Tres largos meses llevaba luchando contra él mismo. Había días que se levantaba e intentaba no pensar en ella pero otros, era tal la desazón, que solo la llegada de la noche, lo hacía refugiarse en el interior del castillo intentando combatir el insomnio que últimamente lo dominaba. Él, que había sido un soldado que había actuado toda su vida con una integridad y rectitud intachable, no concebía el desasosiego permanente que invadía su alma. Él, que había permanecido célibe toda su vida y que había consagrado su vida a Dios, ahora no cesaba de atormentarse por una mujer y es que ya, no podía negar la realidad. Aquellos breves días pasados en su compañía, habían bastado para enamorarse de aquella judía de ojos profundos. Sabía que actuaba en contra de todos sus principios, que el amor entre un cristiano y una judía estaba prohibido pero como podía acallar lo que su mente y su corazón sentían. Un caballero de la sagrada Orden de Santiago no podía enamorarse de una judía, pero él lo había hecho. Estaba irremediablemente enamorado de Sarah. Y no podría continuar con su vida hasta asegurarse de que ella se hallaba a salvo.
—¡Señor! —dijo el centinela que se hallaba de guardia en la puerta del gran salón.
—¿Qué pasa, soldado? —preguntó Rodrigo sin levantar la cabeza.
—Uno de los soldados que partió hace un mes acaba de llegar. Trae nuevas sobre la mujer.
—¿Dónde está? —preguntó Rodrigo incorporándose del sillón.
—Afuera, señor.
Rodrigo salió de la sala como una exhalación y aunque era de noche, halló de inmediato al soldado que acababa de llegar al castillo.

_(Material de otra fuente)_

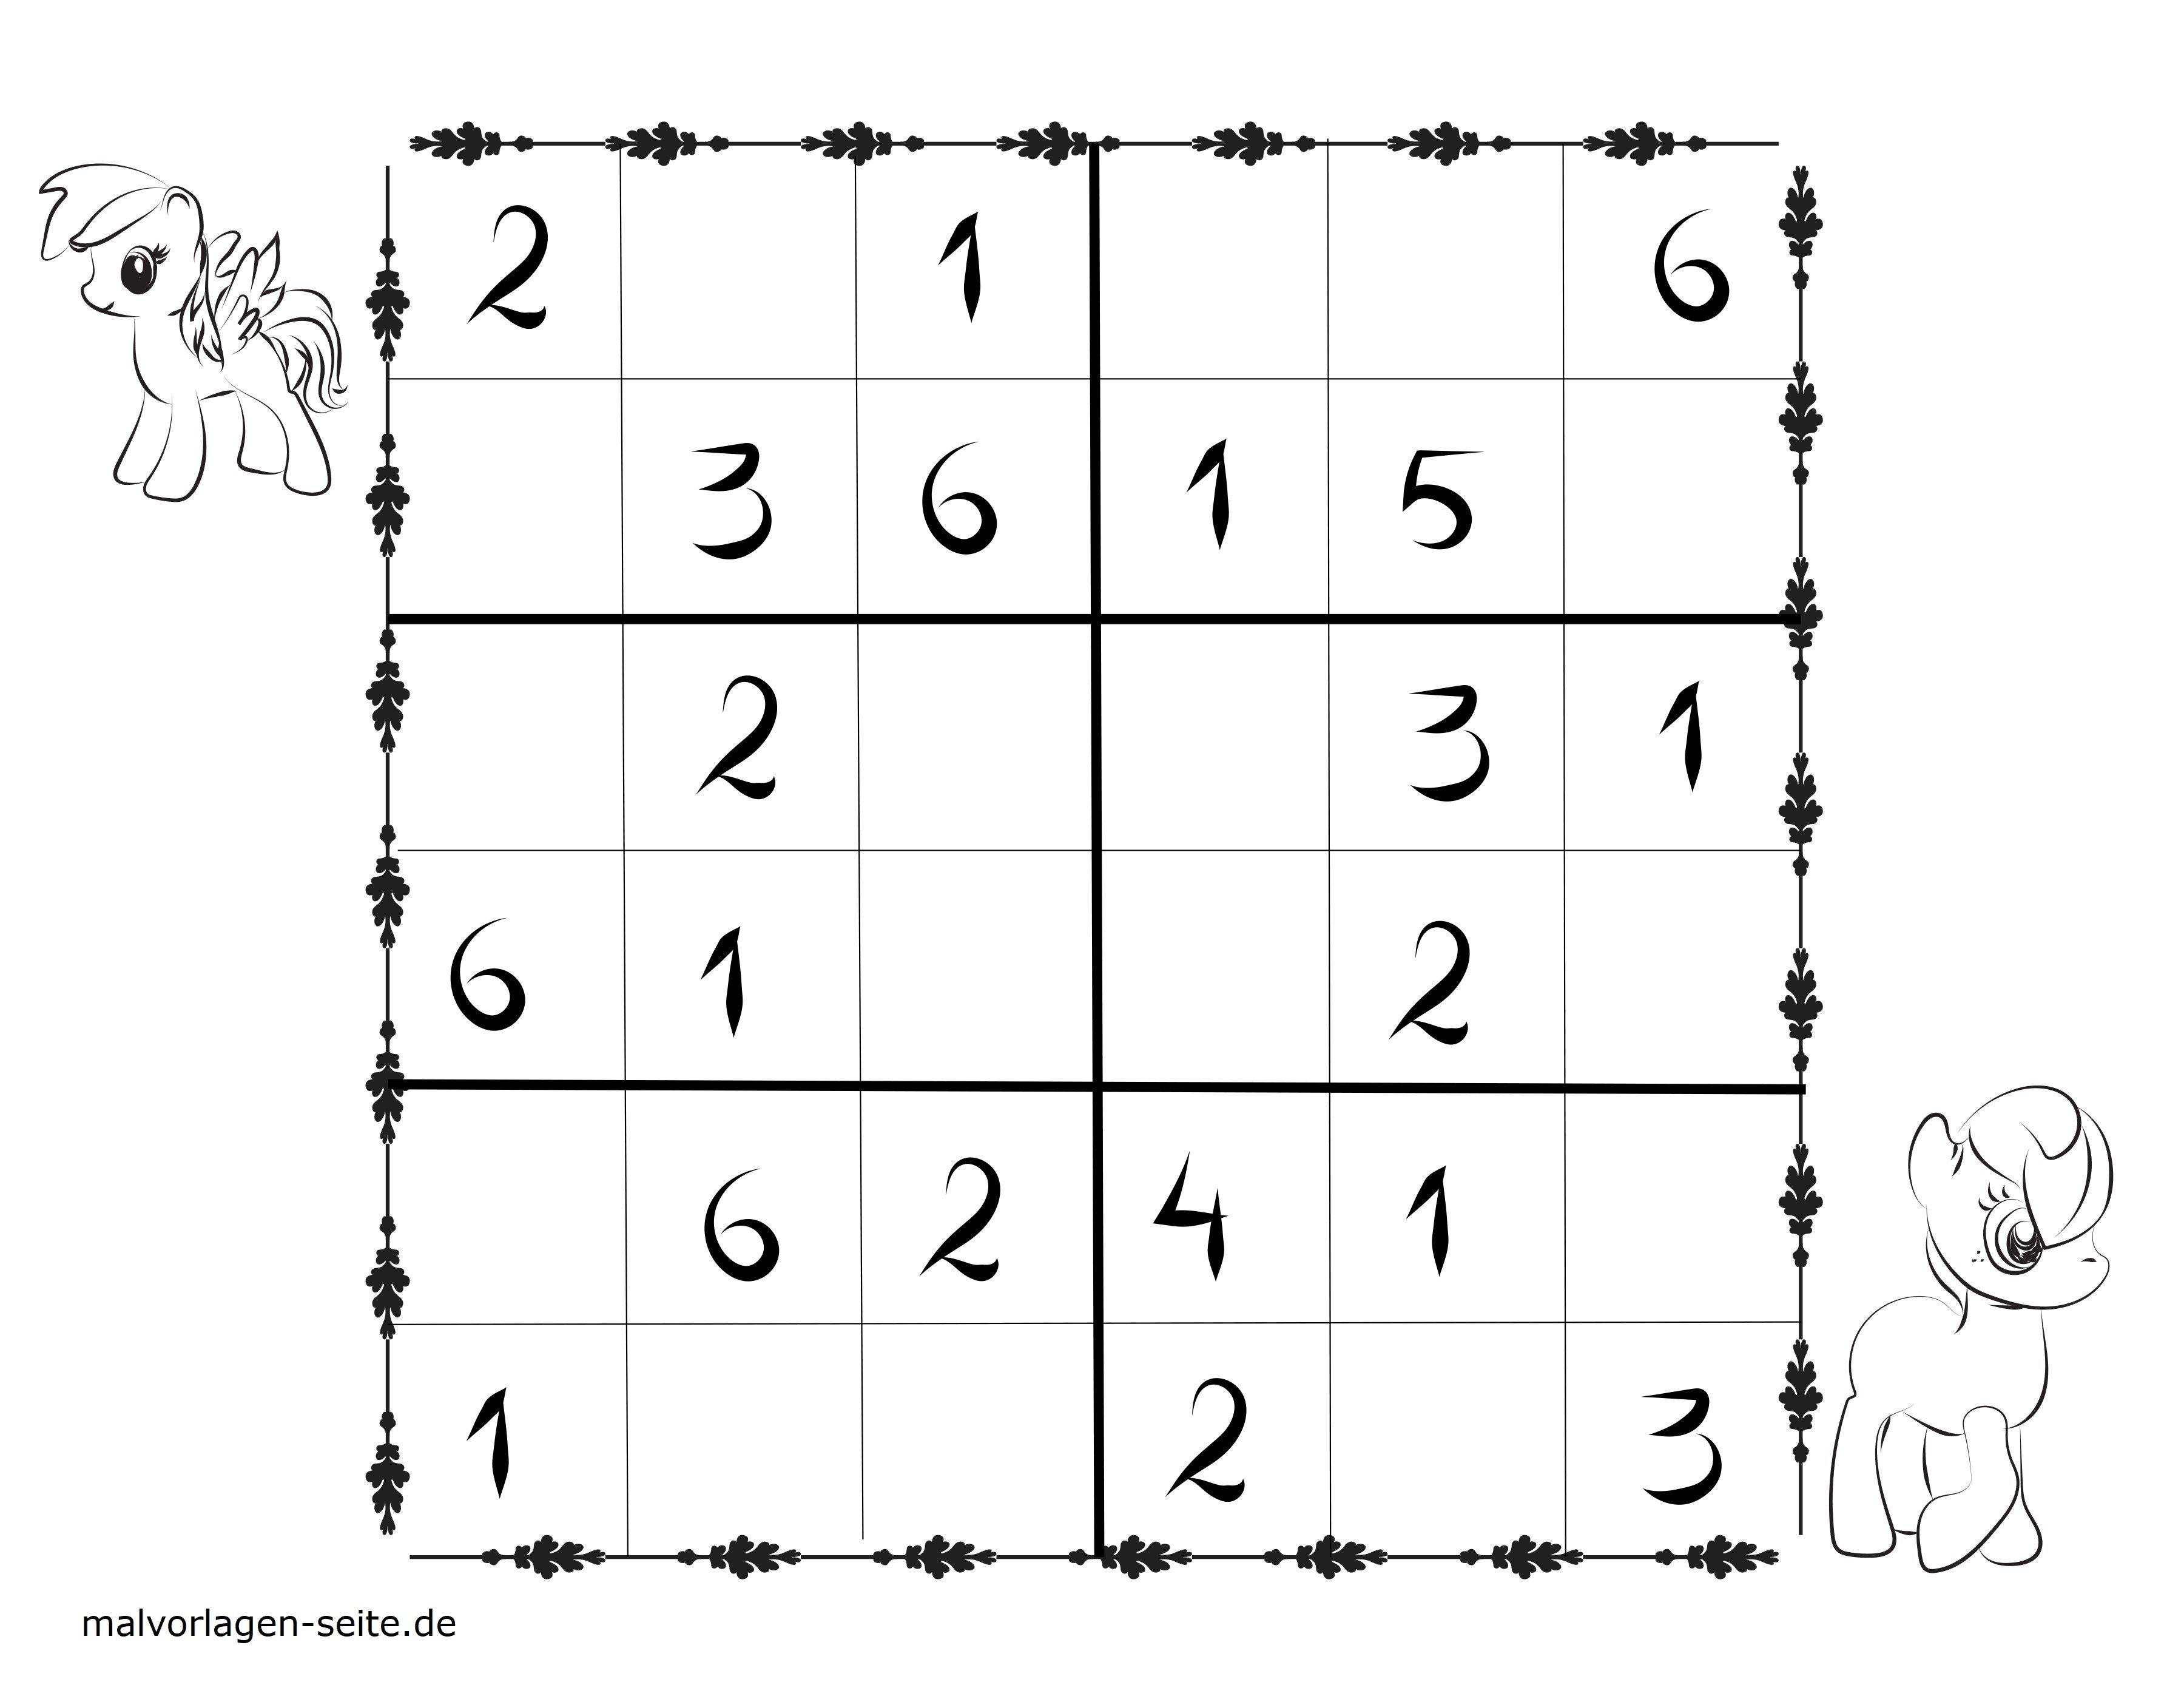 Sudoku Vorlagen Für Kinder 6x6 Kostenlos Herunterladen Und

—¿Traéis noticias de la mujer? —preguntó Rodrigo apresurando el paso.
—Sí, señor. Hay una joven en la villa de Segura de la Sierra que parece coincidir con el aspecto de la joven que buscáis y por lo visto, se dedica a la curación.
—¿Pero llegasteis a verla? —preguntó Rodrigo llegando a su altura.
—No señor. En cuanto escuché el rumor, regresé de inmediato a comunicároslo.
—Gracias, soldado. Hicisteis bien... ¡Centinela! —se volvió Rodrigo gritando.
—¿Señor?
—Partiremos al amanecer hacia la villa de Segura.
—Como desee, señor.
—Encárguese de todo —ordenó Rodrigo entrando de nuevo al castillo.
Dirigiéndose hacia su alcoba, Rodrigo levantó la tapa del arca que guardaba el documento y volvió a leer lo que en él había escrito. Era el nombramiento de su nuevo cargo. ¿Acaso el destino caprichoso le había concedido una oportunidad de hallarla? Porque si así era, la encontraría. Removería cielo y tierra si era preciso, pero la encontraría.